Mr. Blacker said: “She would be. From what I can make out from Cuth Harkness, it’d been a bit of a bone of contention between them. He told her she shouldn’t try it on and she kind of defied him. Or that’s what I made out. Cuth’s in a queer sort of state.”
“Shock,” said the sergeant still writing. “I wouldn’t be surprised. Who broke the news?”
“My wife and I did,” said Jasper. “He insisted on coming down here to look for himself.”
“He’s fussed. One minute it’s the mare and the next it’s the niece. He didn’t seem,” Sergeant Plank said, “to be able to tell the difference, if you can understand.”
“Only too well.”
The vet had moved away. He was peering through the gap at the ditch and the far bank. The remains of a post-and-rail fence ran through the blackthorn hedge and was partly exposed. He put his foot on the lower rail as if to test whether it would take his weight.

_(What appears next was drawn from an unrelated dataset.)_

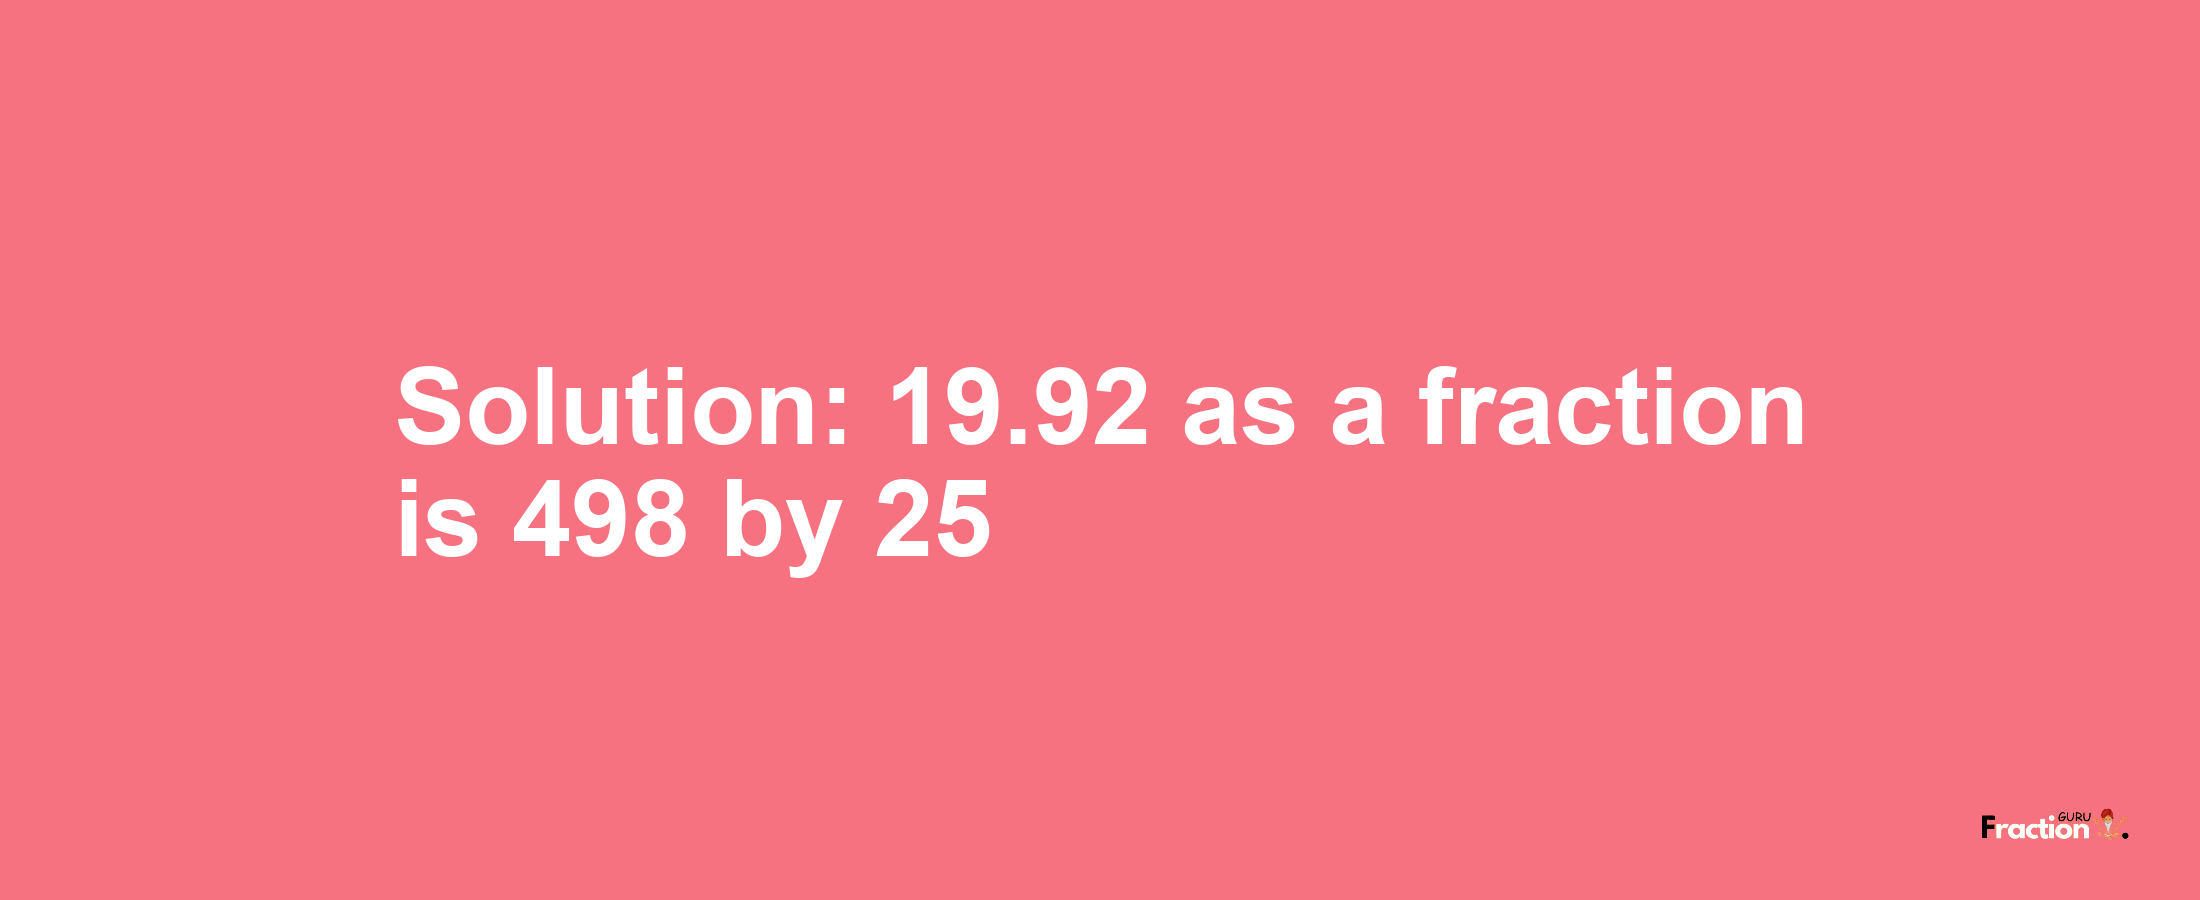 Solution:19.92 as a fraction is 498/25

“I’d be obliged, Mr. Blacker,” said the sergeant raising his china-blue gaze from his notes, “if you didn’t. Just a formality, but it’s what we’re instructed. No offense.”
“What? Oh. Oh, all right,” said Blacker. “Sorry, I’m sure.”
“That’s quite all right, sir. I wonder,” said the sergeant to Ricky, “if you’d just indicate where you and Mrs. Pharamond were when you noticed the body.”
For the life of him, Ricky could not imagine why this should be of interest but he described how Julia had called him to her and how he had dismounted, giving his horse to Bruno, and had gone to her, and how she, too, had dismounted and he had peered through the gap. He parted some branches near the end of the gap.
“Like that,” he said.
He noticed that the post at his left hand was loose in the ground. Near the top on the outer side and almost obscured by brambles was a fine scar that cut through the mossy surface and bit into the wood. The opposite post at the other end of the gap was overgrown with blackthorn. He crossed and saw broken twigs and what seemed to be a scrape up the surface of the post.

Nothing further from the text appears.